YOW! September 2021 Recap

Jessica Kerr and Ian Smith

Credit has to be given to Jessica and Ian here, because originally Liz Fong was scheduled to take this talk slot, but fell ill at late notice. So these two champs stepped in with their own talk and did a pretty good job of it.

Jessica started by stating that Continuous Delivery needed to be considered an investment; not just in your software that you make, but the software that you build around your software. This means;

Telemetry
Tests
Continuous Integration
Feature Flags
Code Review
Observation in Production

The data uncovered by the DORA (DevOps Research and Assessment) group at its heart talks about feedback loops, which is what all of the above represent. Even code review, often derided as a slow friction point in a continuous delivery world, is a valuable feedback loop that can be made quick - as long as the change is small enough.
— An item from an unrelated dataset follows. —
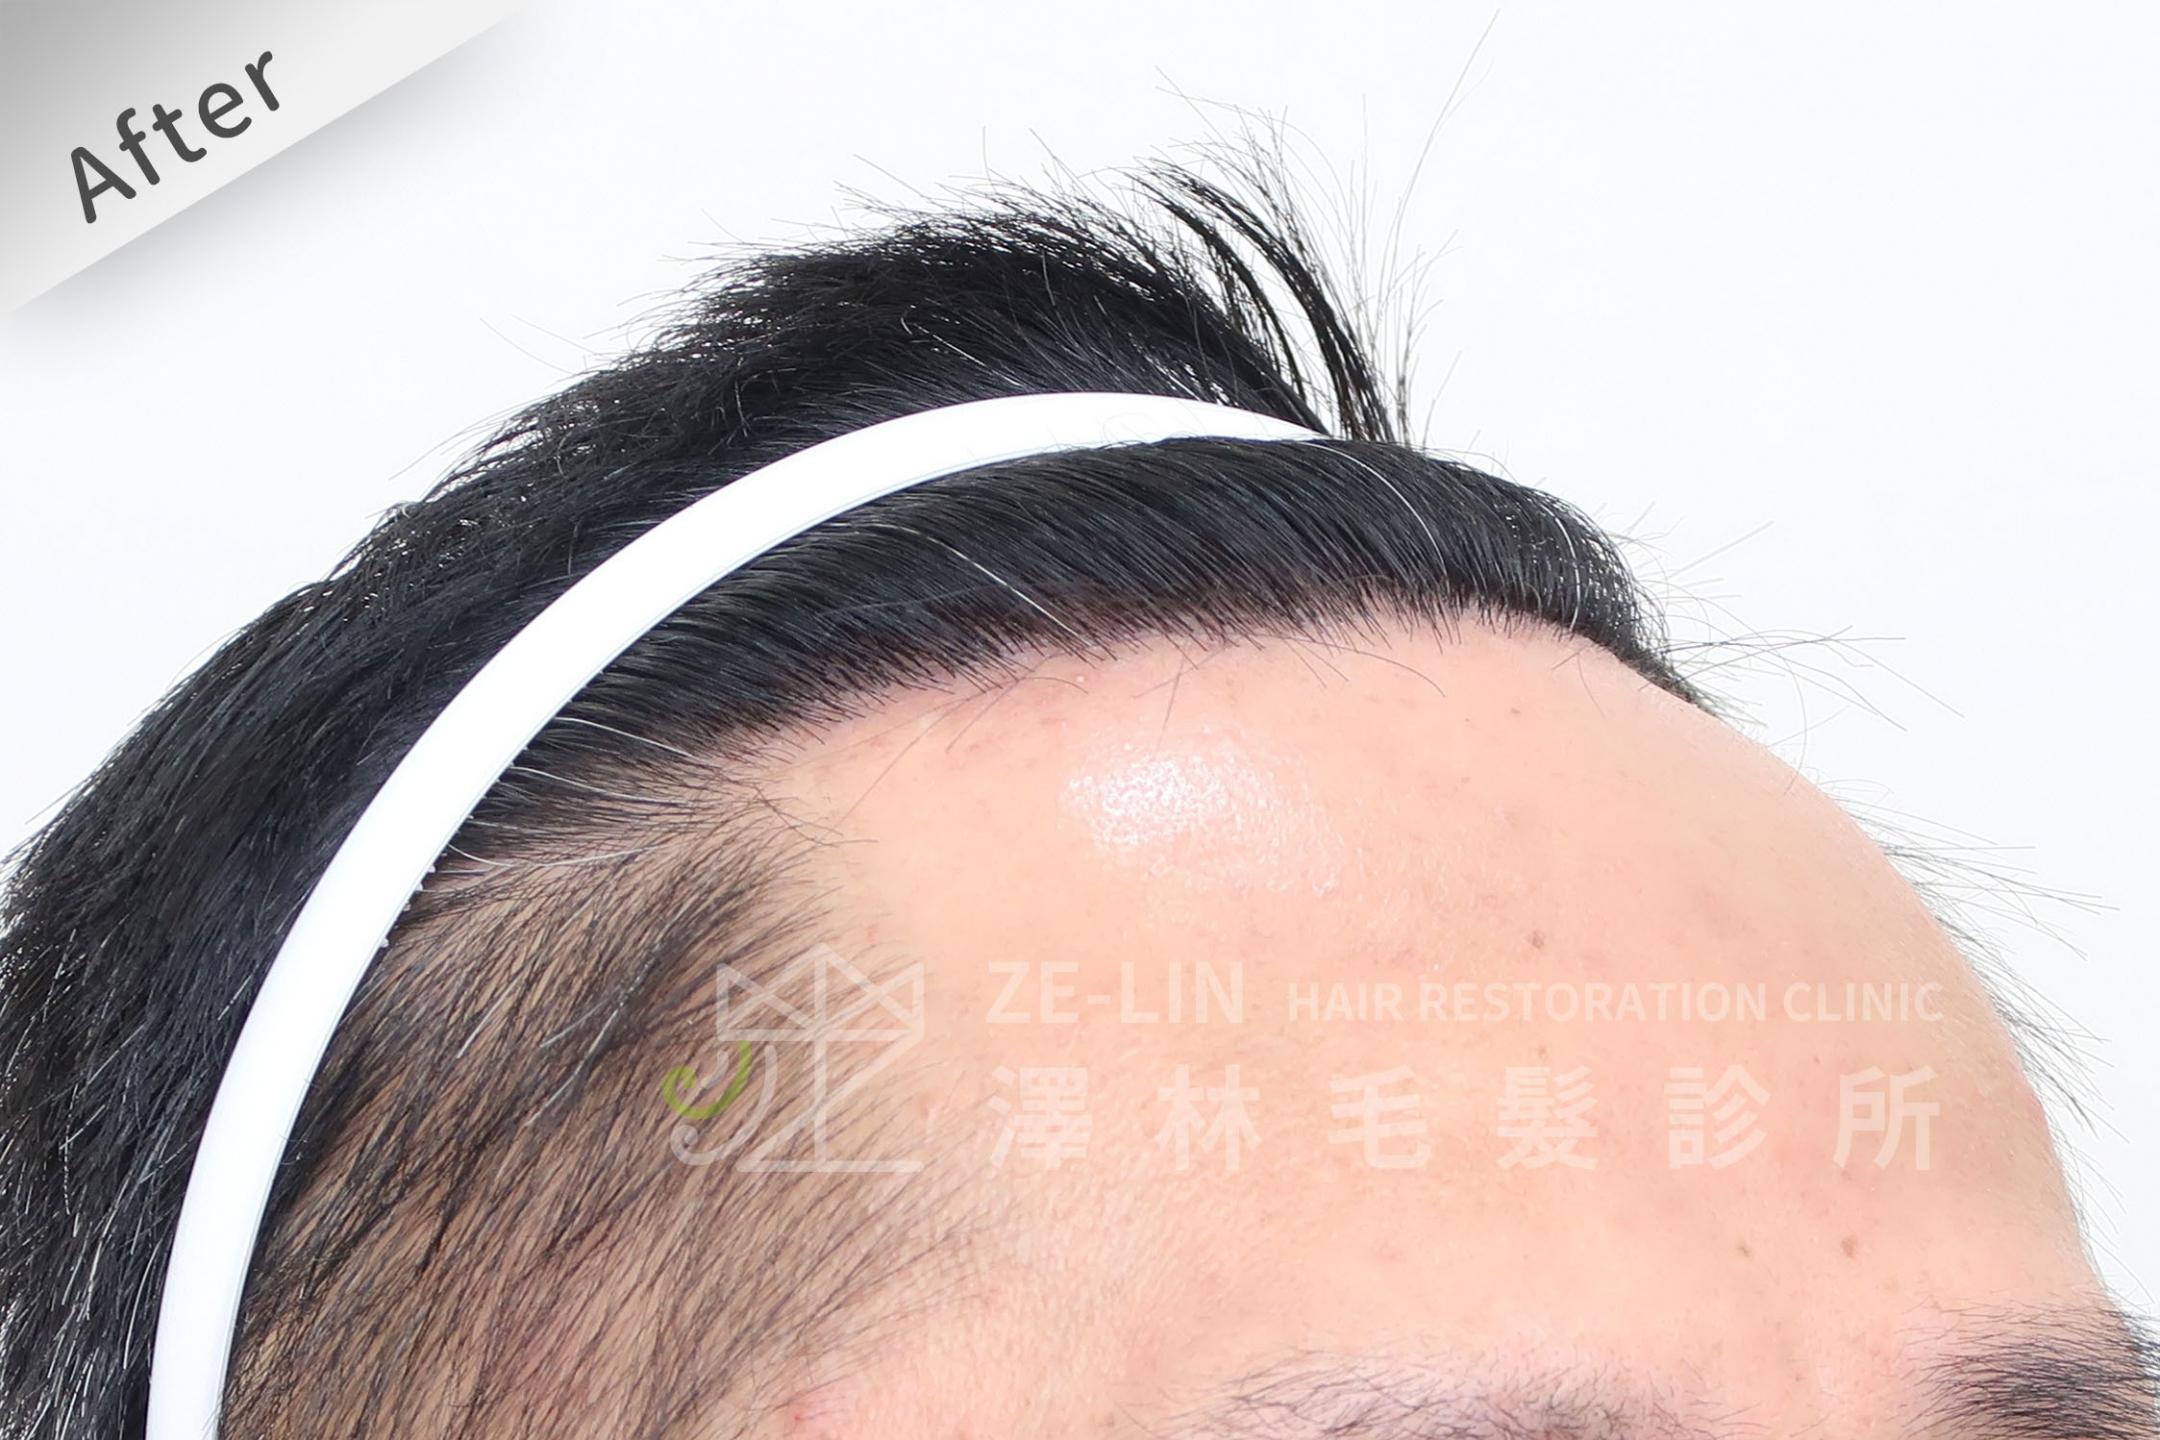 M型禿植髮心得案例分享術後6-2

Jessica’s advice was to start with lead time, and trying to focus getting the time to make a change to production lower than what you currently have. Once you bring this down, all other things begin improving - Mean Time To Recover, Availability, etc. The other major piece of advice she’d have for teams would be;

“Fix the duct tape”

That is, the bits of “glue” that we have holding deployments or pipelines together that haven’t been touched in a while. The importance of this duct tape holding everything else together is only really appreciated when it no longer holds!

Moving a little more into how Honeycomb do things internally, Ian Smith took over the talk and spoke about the importance of repeatable infrastructure, all driven through code.
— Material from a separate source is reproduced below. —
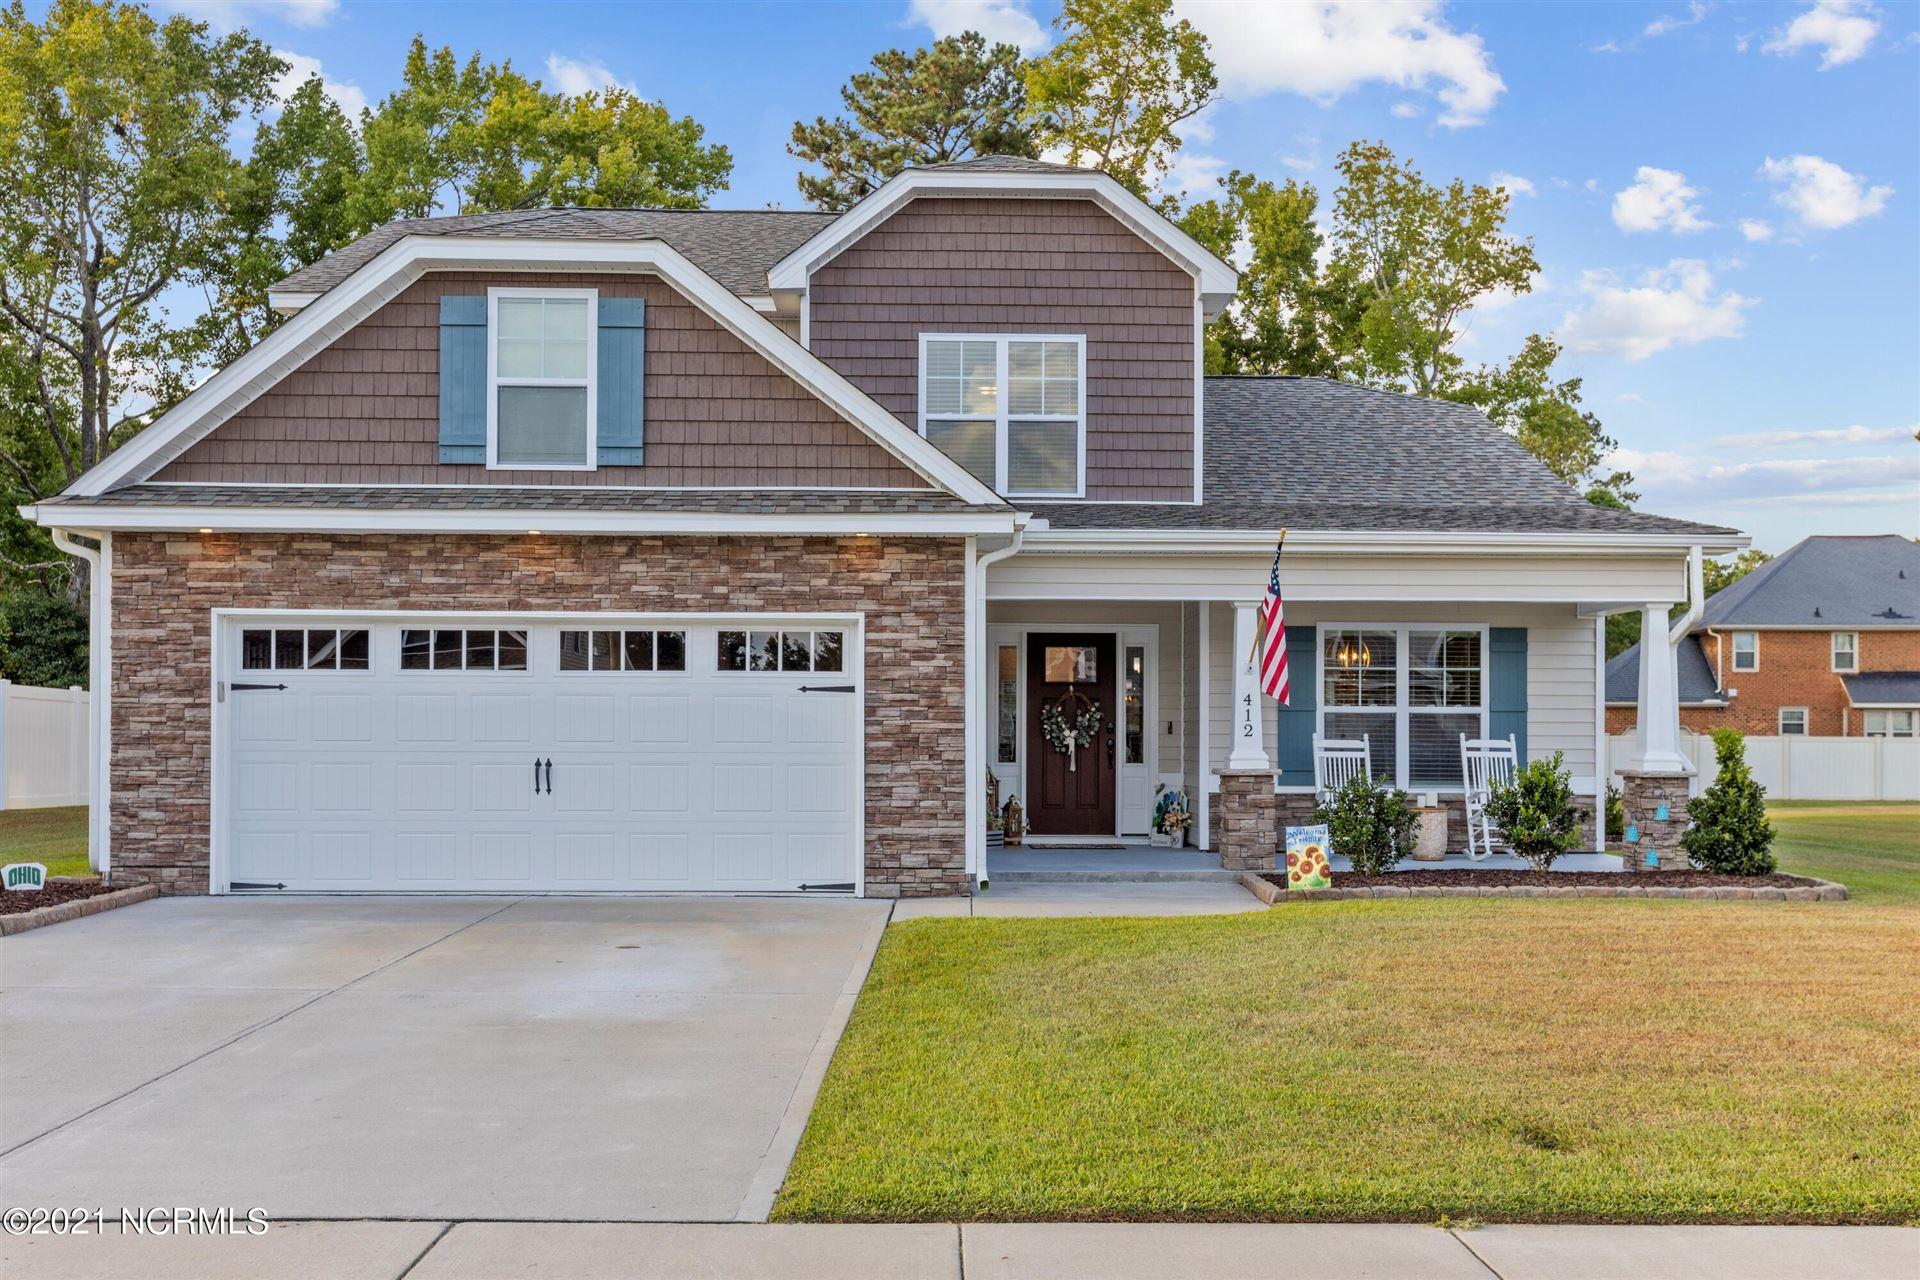 Photo of 412 Cheltenham Drive, Greenville, NC 27834 (MLS # 100291177)

“If I want to make a change to our servers, I want to be able to diff and see that change in my browser, then hit a button and just have it happen.”

The importance of this repeatable, stable, reliable infrastructure driven via code is best seen in what it enables you to do with the products that you create - you can go faster on stable infra. You can manage risk, take bets, and iterate when things don’t work out. As a company whose products are designed to provide customers with observability, it’s important that they eat their own dogfood.

“Honeycomb… runs on Honeycomb”

On that subject, alerting is an incredibly important part of Honeycomb’s infra, but Smith cautions that there’s a degree of nuance that’s required. Having this vast amount of data, metrics, and telemetry available to you means that you could literally alert on everything if you wanted, but that would only result in fatigue and “the paging system that cried wolf”.

“You should use SLOs to drive nuanced alerting. For some events, maybe a ping on Slack is all that you need. For others, you’re going to need to pull a company-wide fire alarm. Knowing the difference here is what’s important.”